George Wilson

Personal information
- Born: Scotland

Playing information

Rugby union
- Position: Wing
Club
| Years | Team | Pld | T | G | FG | P |
| ≤1947–48 | Kelso RFC |  |  |  |  |  |
Representative
| Years | Team | Pld | T | G | FG | P |
| 1947 | South of Scotland | 3 | 0 | 0 | 0 | 0 |

Rugby league
- Position: Wing
Club
| Years | Team | Pld | T | G | FG | P |
| 1948–50 | Huddersfield |  |  |  |  |  |
| 1950–55 | Workington Town |  | 129 |  |  |  |
| 1955 | Salford |  |  |  |  |  |
|  | Total | 0 | 129 | 0 | 0 | 0 |
Representative
| Years | Team | Pld | T | G | FG | P |
| 1949 | Other Nationalities | 1 | 1 | 0 | 0 | 3 |
| 1951 | Great Britain | 3 | 5 | 0 | 0 | 15 |
- Source:

= George Wilson (1940s rugby player) =

GB international rugby league footballer

George Wilson, also known by the nickname of "Happy", was a Scottish rugby union and professional rugby league footballer who played in the 1940s and 1950s. He played representative level rugby union for South of Scotland, and at club level for Kelso RFC, as a wing, and representative level rugby league for Great Britain and Other Nationalities, and at club level Workington Town, as a .

==Playing career==
===Club career===
Wilson was signed by English rugby league club Huddersfield in October 1948. In February 1950, after losing his place in the first team, Wilson was transfer listed at his own request, and was signed by Workington Town for a fee of £2,750.

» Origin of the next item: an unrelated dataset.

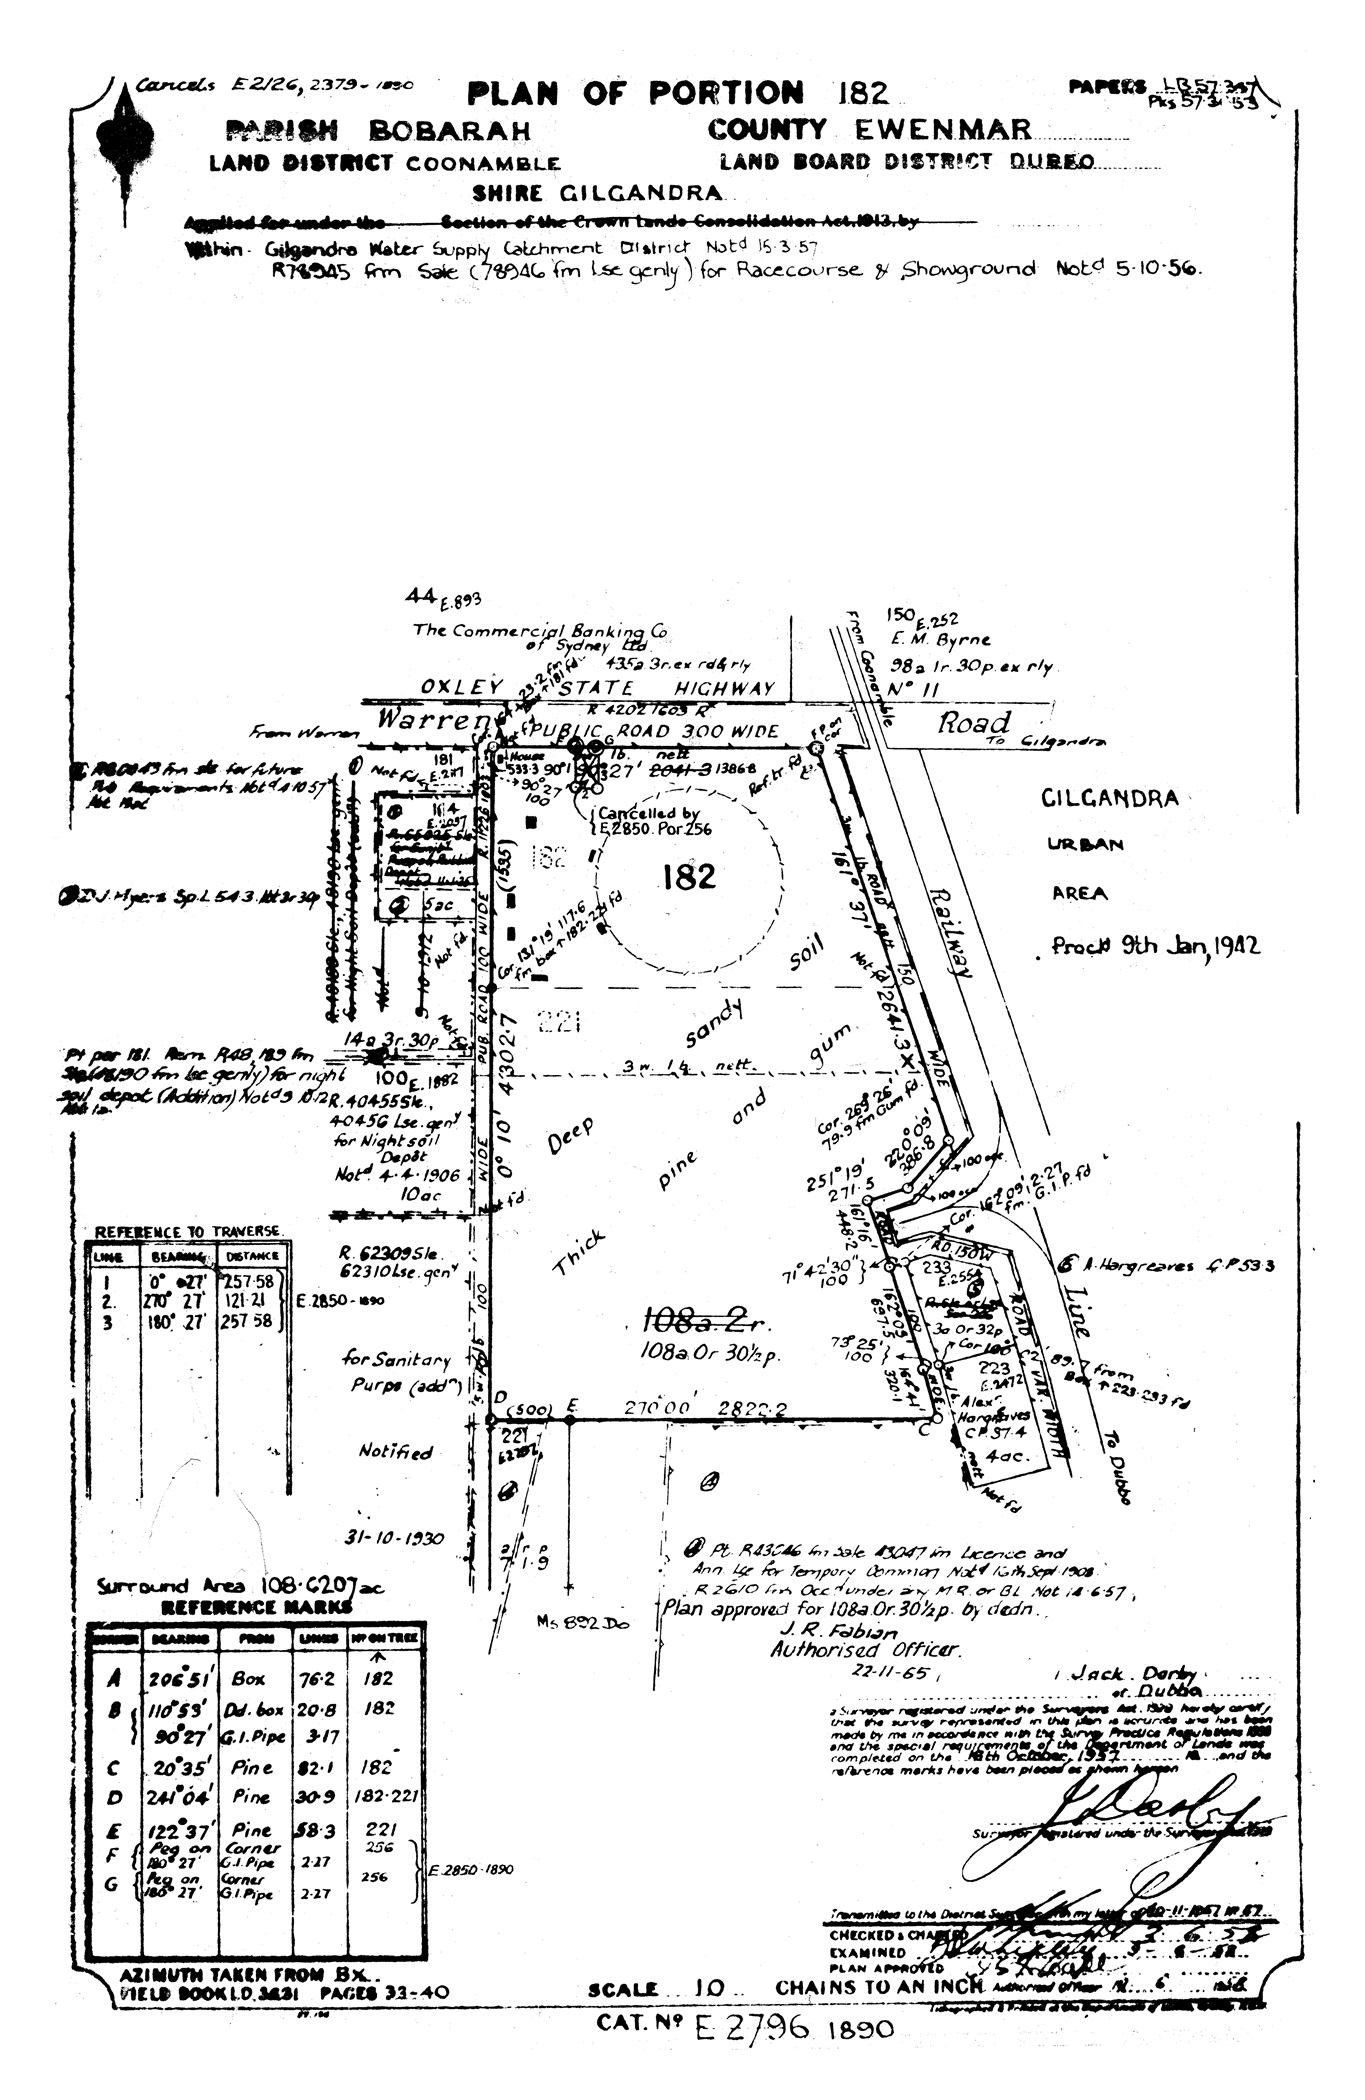 1965 Showground Plan

Wilson played and scored a try in Workington Town's 18–10 victory over Featherstone Rovers in the 1951–52 Challenge Cup Final at Wembley Stadium, London on Saturday 19 April 1952, in front of a crowd of 72,093.

He joined Salford in 1955.

===International honours===
In rugby union, Wilson represented South of Scotland while at Kelso RFC. In rugby league, he played for Other Nationalities in 1949 while at Huddersfield, and won caps for Great Britain while at Workington in 1951, playing in all three Tests against the touring New Zealand team. Wilson scored three tries in the first test.